Assignment |
Give back all of the data exactly as it stands, with the pictures removed.

Given data |
........

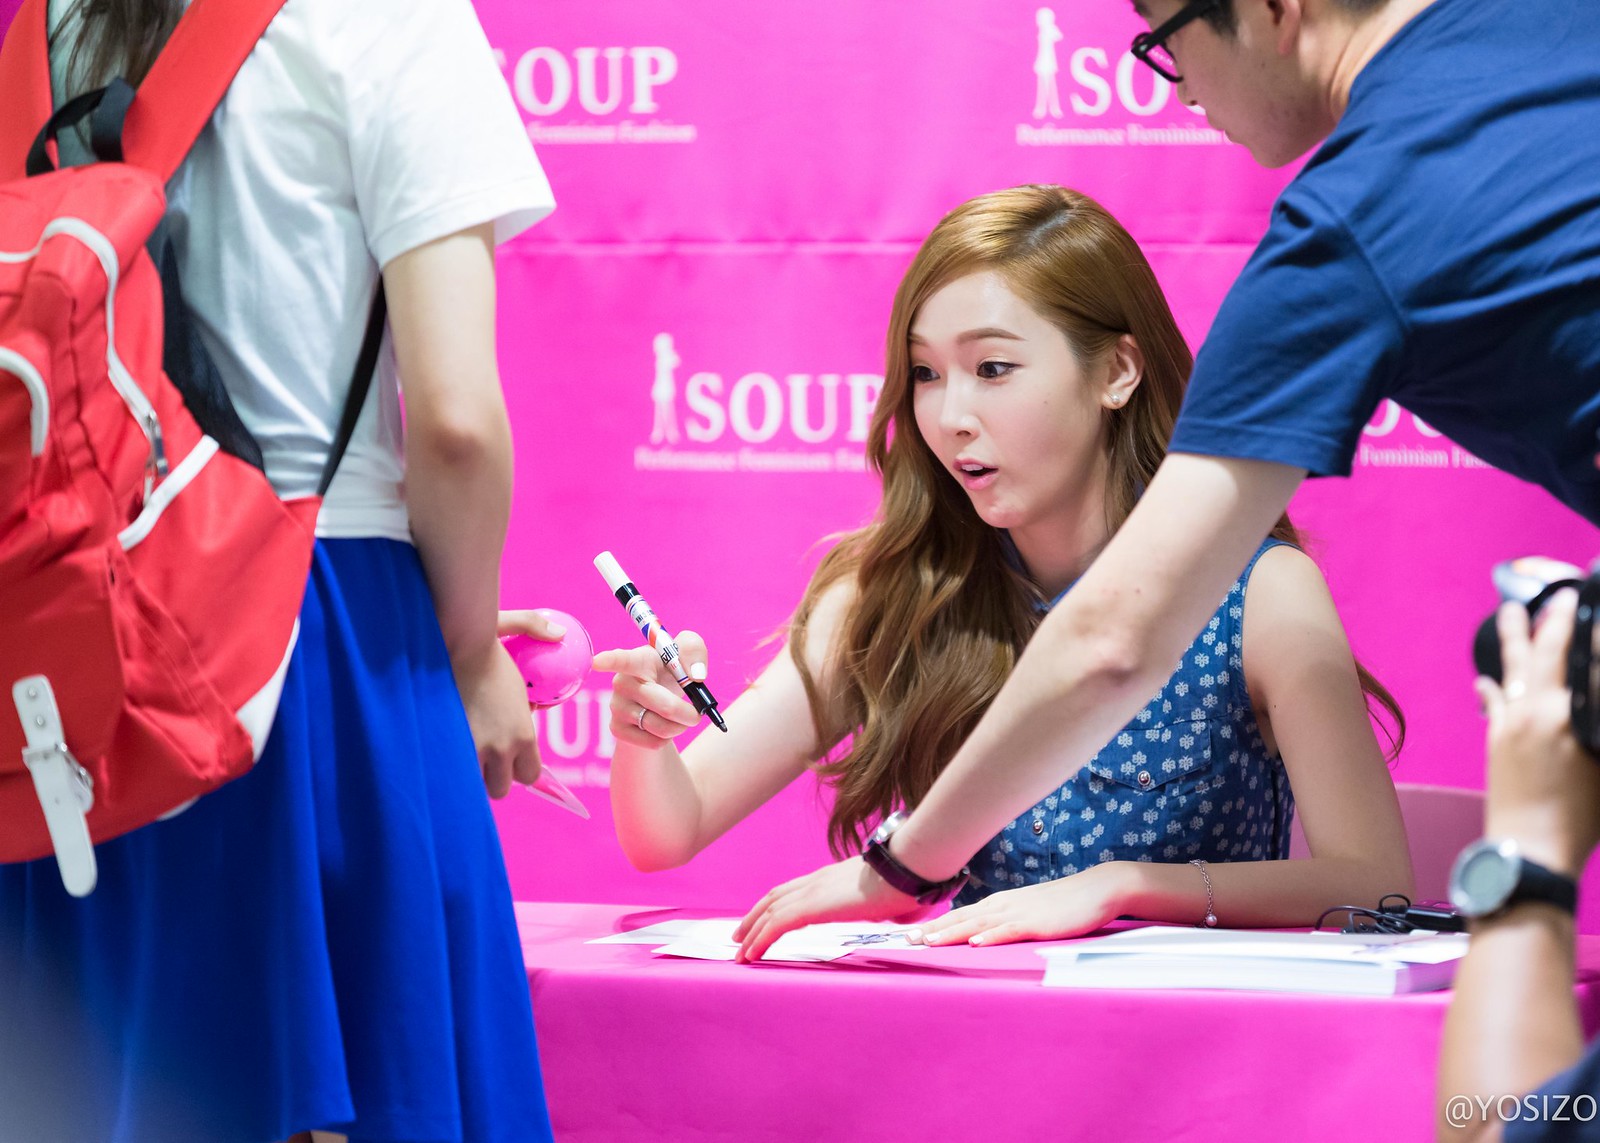 [PIC][14-06-2014]Jessica tham dự buổi fansign lần 2 cho thương hiệu "SOUP" vào trưa nay 14238359050_a768a06ed8_h
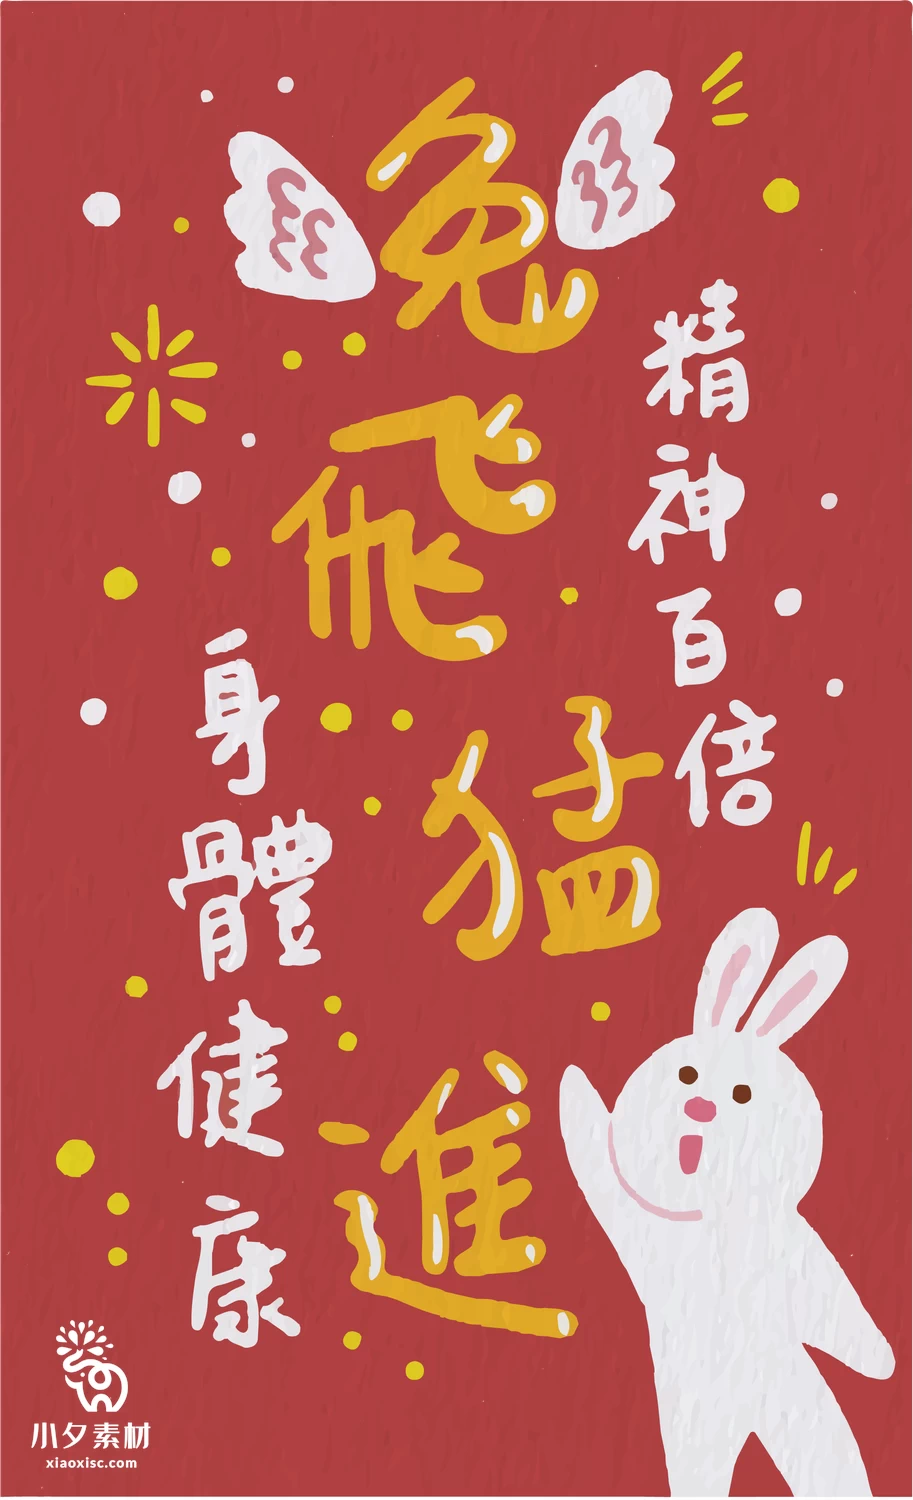 2023年兔年大吉新年红色喜庆好运暴富图案创意海报AI矢量设计素材【008】
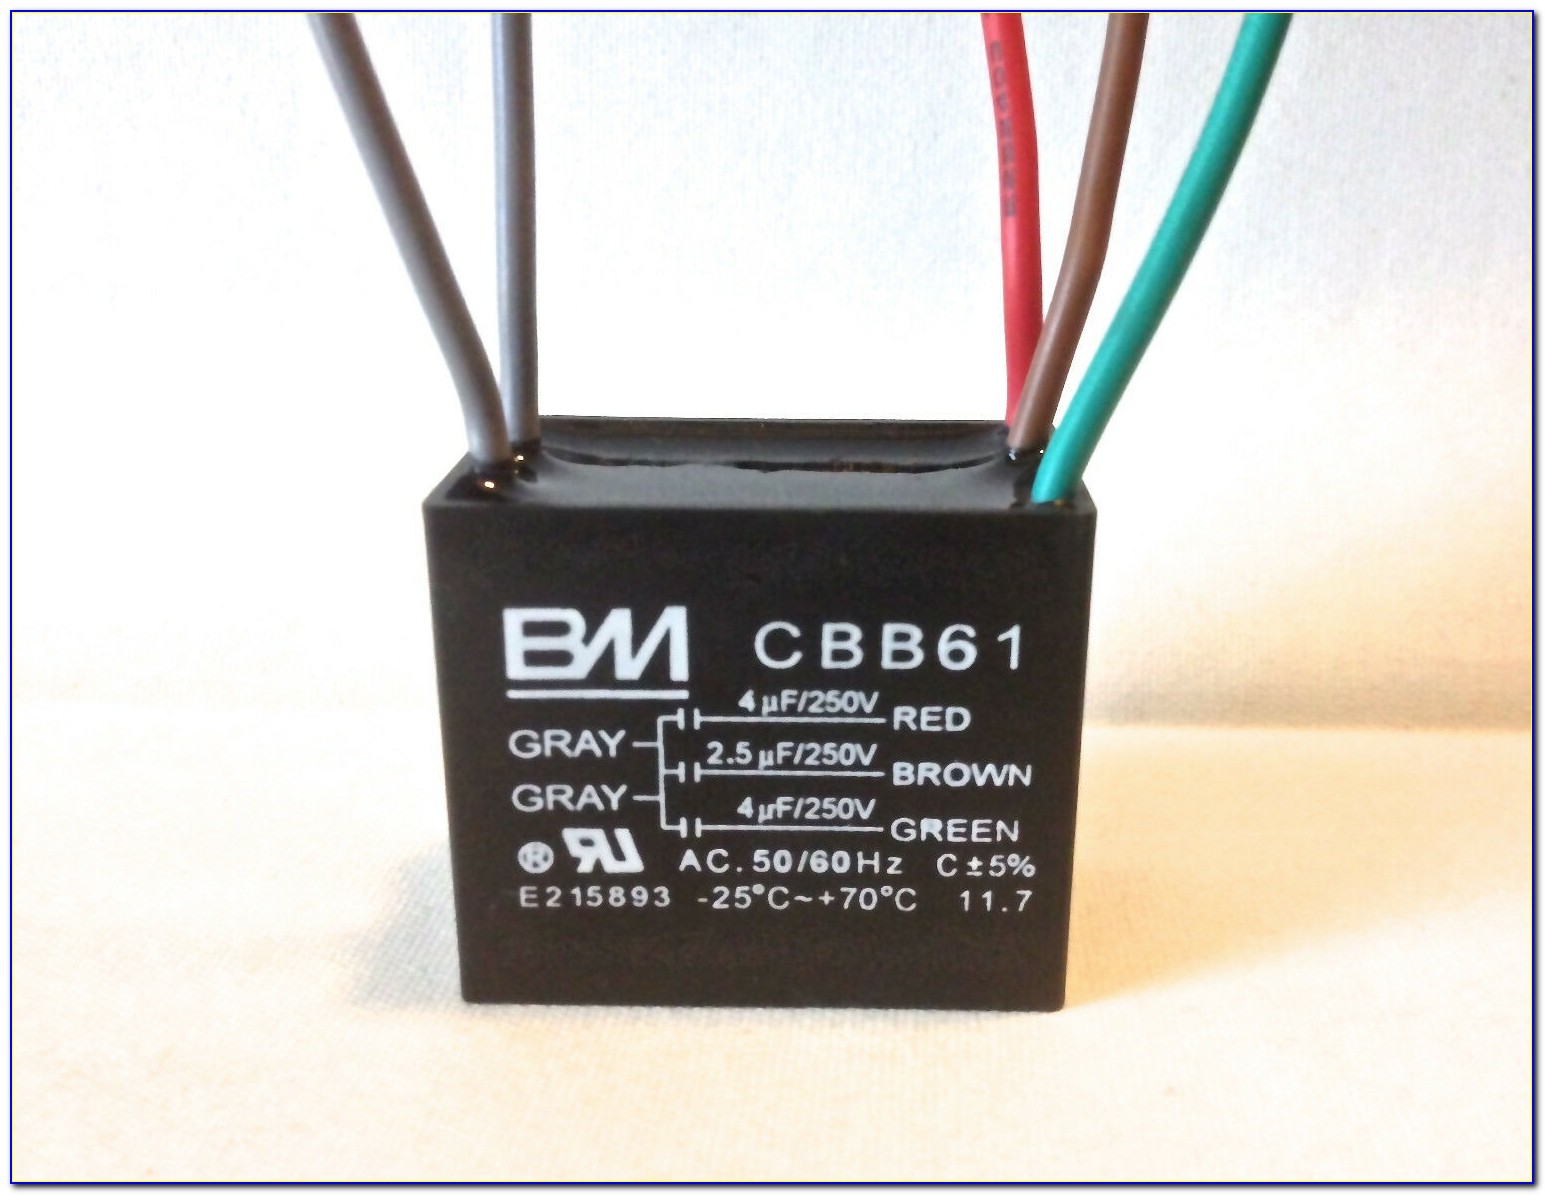 Bm Cbb61 Capacitor Wiring Diagram

........

Your solution |
 [PIC][14-06-2014]Jessica tham dự buổi fansign lần 2 cho thương hiệu "SOUP" vào trưa nay 14238359050_a768a06ed8_h
 2023年兔年大吉新年红色喜庆好运暴富图案创意海报AI矢量设计素材【008】
 Bm Cbb61 Capacitor Wiring Diagram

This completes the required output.